ICT Facilities setzt nun sowohl auf modulare Gebäudetechnik, wie bei einem Fertighaus, als auch bei der Projektierung auf in anderen Bereichen bewährtes Building Information Modeling (BIM) und Lean-Management Prozesse in einer 5D-Darstellung; denn Zeitabläufe und Kosten werden miteinbezogen. Der ICT Power Tower ist dagegen ein vollautomatisiertes und Hochregallagers, das den Anforderungen eines Rechenzentrums entspricht.

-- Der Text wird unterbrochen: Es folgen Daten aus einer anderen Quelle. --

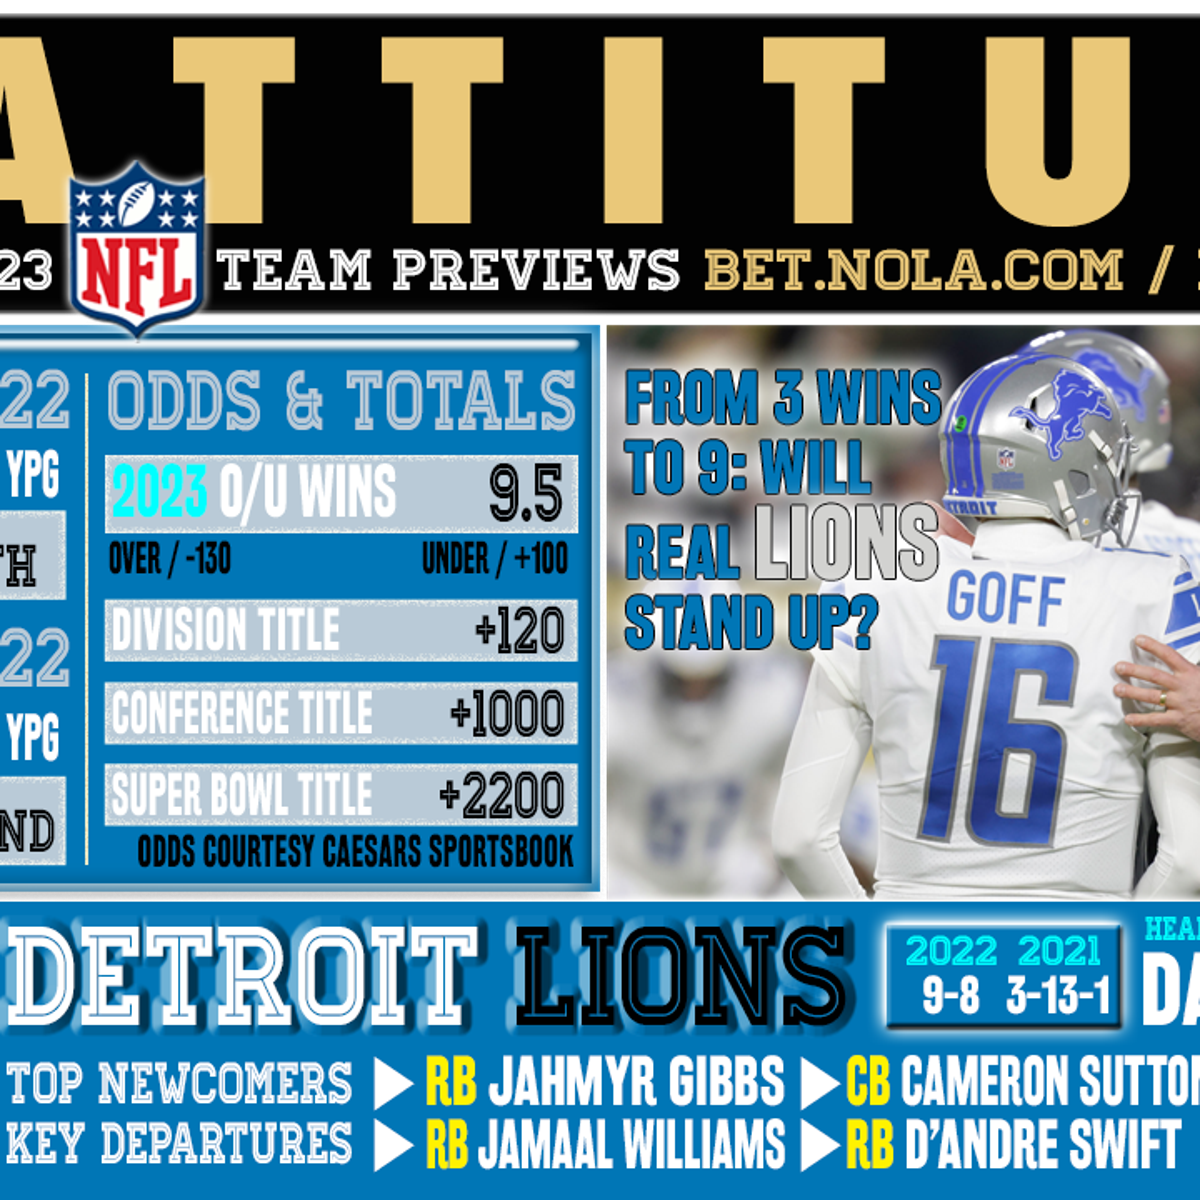 the lions schedule

Die Überlegungen, die zur Entwicklung dieser Konzepte geführt haben, führt Stephan Lang aus, Mitgründer von ICT Facilities. Rechenzentren seien Infrastrukturelemente mit stark zunehmender, oft auch kritischer Bedeutung. Konsequenterweise unterlägen sie damit kontinuierlich dem Zwang zur Anpassung an die sich ständig ändernden Randbedingungen der IT-Systeme und an Anforderungen wie Hochverfügbarkeit, Sicherheit, Energie-Effizienz und Nachhaltigkeit.
Optimierung gesucht
Wie Verkehrswege und Energieversorgung zählen auch Rechenzentren zu der für die wirtschaftliche Leistungsfähigkeit eines Landes entscheidenden, oft sogar kritischen Infrastruktur. In Deutschland sind damit laut dem Bitkom-Verband derzeit etwa 250.000 Arbeitsplätze direkt beziehungsweise in Systemhäusern, Baufirmen und bei Dienstleistern verbunden.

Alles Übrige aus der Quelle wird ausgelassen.